Genomic alterations of CHEK1 in cancers can be analyzed using the cBioPortal database (http://www.cbioportal.org/). This platform allows for integrative analysis of CHEK1 alterations and clinical characteristics across multiple cancer datasets. Common alterations include amplifications, deep deletions, and missense mutations .

Analysis can include copy number alterations (CNAs) from GISTIC and RNA sequencing data. The primary search parameters typically include various types of alterations, while secondary searches might focus specifically on RNA sequencing data. This comprehensive analysis helps identify patterns of CHEK1 genomic alterations across different cancer types and potentially links these alterations to clinical outcomes .

How can CHEK1 antibodies be used to study the DNA damage response in cancer cells?

CHEK1 antibodies are powerful tools for studying the DNA damage response in cancer cells through multiple approaches. Immunofluorescence using CHEK1 antibodies can visualize the localization and accumulation of CHEK1 at sites of DNA damage within the nucleus. This technique has been validated in cell lines such as HepG2 cells .

Western blotting with total and phospho-specific CHEK1 antibodies can monitor the activation of CHEK1 following DNA damage induction by various genotoxic agents. Immunohistochemistry on cancer tissue samples can assess CHEK1 expression levels and provide insights into its correlation with cancer progression and response to therapy. This approach has been validated in human lung cancer tissue .

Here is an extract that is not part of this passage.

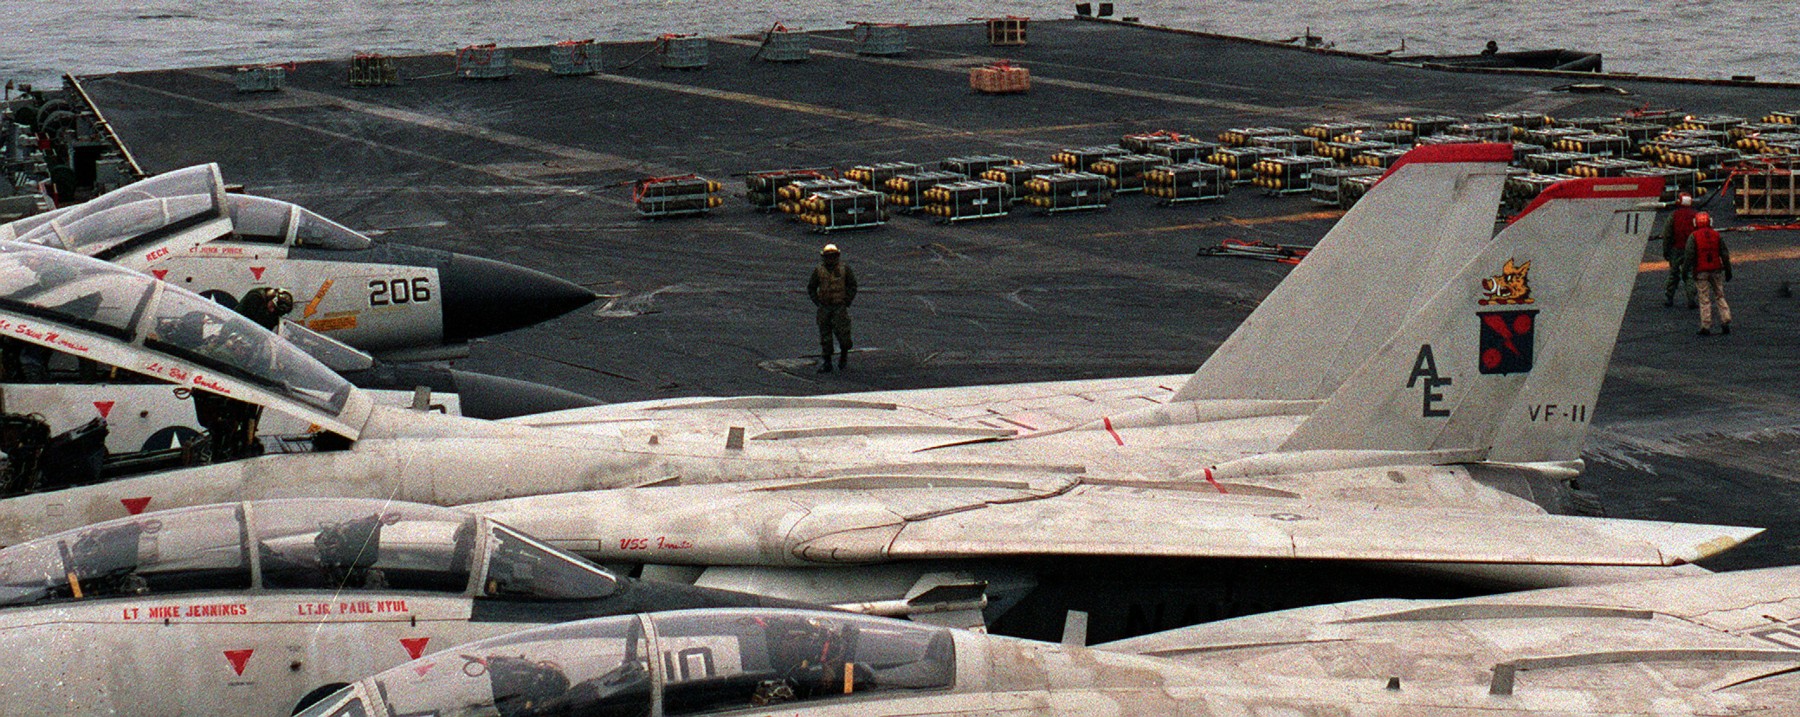 vf-11 red rippers fighter squadron us navy fitron f-14a tomcat carrier air wing cvw-6 uss forrestal cv-59 66

For studying CHEK1 function in the DNA damage response, researchers can combine CHEK1 antibody-based detection with CHEK1 inhibitors or genetic knockdown approaches to assess the consequences of CHEK1 inhibition on cancer cell survival, cell cycle progression, and DNA repair capacity. Such combination approaches provide mechanistic insights into how CHEK1 contributes to cancer cell responses to DNA-damaging therapies .

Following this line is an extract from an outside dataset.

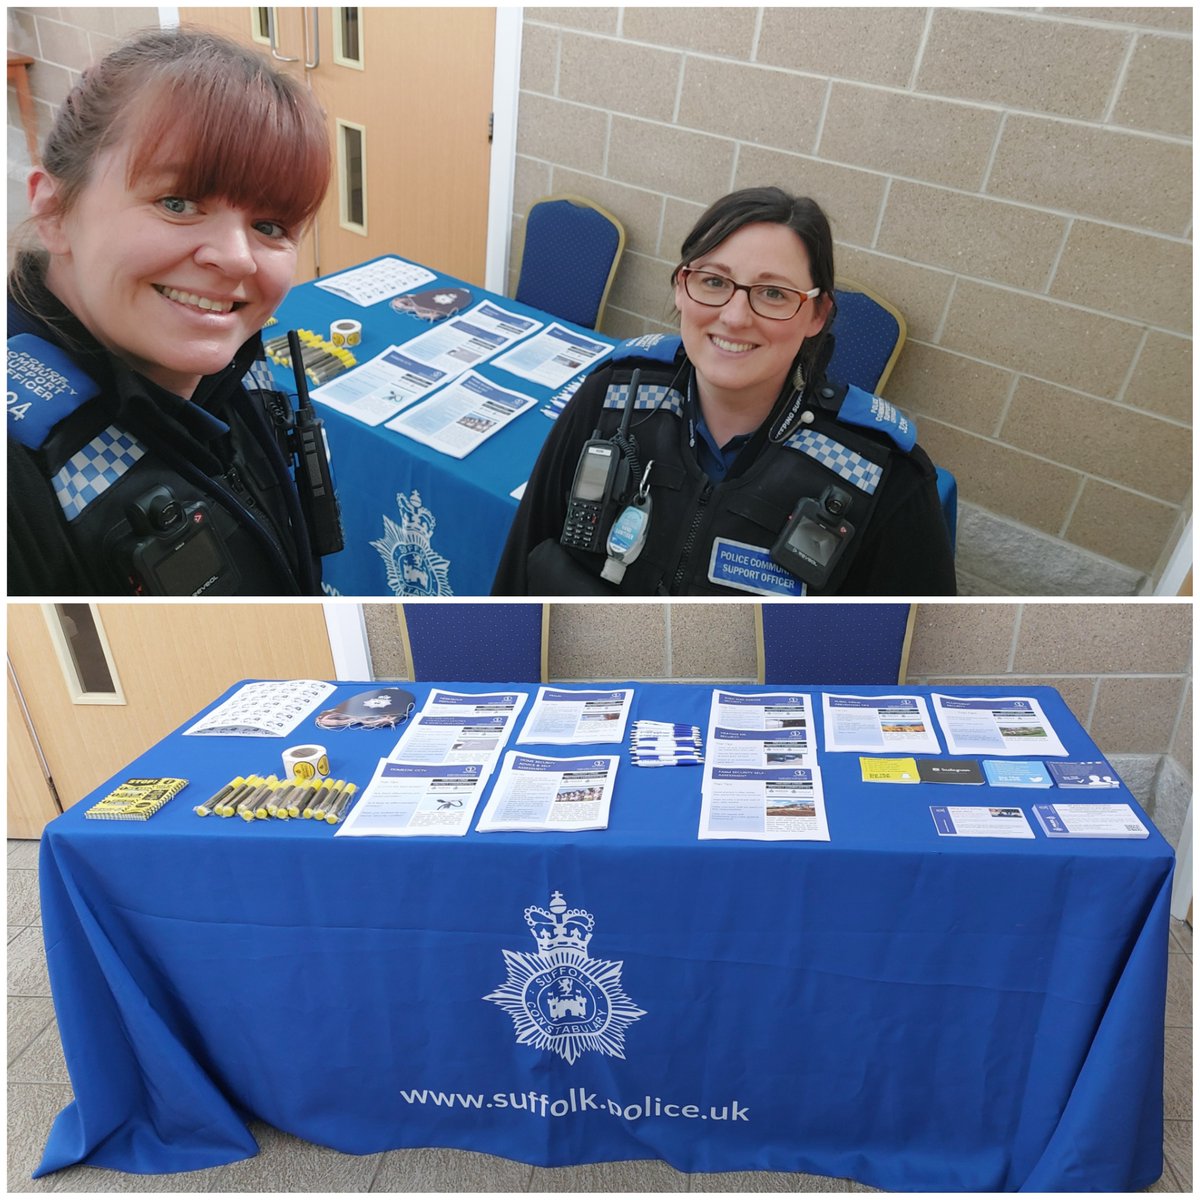 Get down and see the PCSO's at Stanton village hall they would love to see you..........

What are common issues encountered in Western blot detection of CHEK1 and how can they be resolved?

When performing Western blots for CHEK1 detection, researchers may encounter several common issues. One frequent problem is non-specific bands, which can be addressed by optimizing antibody dilution (recommended range: 1:500-1:1000) and implementing more stringent washing protocols . If signal is weak or absent, consider using fresh lysates as CHEK1 can be sensitive to degradation, and ensure samples are prepared under reducing conditions as demonstrated in validated protocols .

For inconsistent results between experiments, standardizing lysate preparation is crucial. The choice of lysis buffer can significantly impact CHEK1 detection; Immunoblot Buffer Group 1 has been validated for successful detection . If detecting phosphorylated forms of CHEK1, phosphatase inhibitors must be included in lysis buffers. Additionally, when comparing CHEK1 levels across different cell lines, be aware that the observed molecular weight may range from 50-55 kDa, with specific detection typically around 57 kDa .

How can cross-reactivity issues with CHEK1 antibodies be identified and mitigated?

Cross-reactivity issues with CHEK1 antibodies can significantly impact experimental results. To identify potential cross-reactivity, researchers should first verify antibody specificity using positive and negative controls. Positive controls could include lysates from cells known to express CHEK1, such as U2OS, MCF-7, CEM human cell lines, or Balb/3T3 mouse embryonic fibroblasts and NRK rat normal kidney cells .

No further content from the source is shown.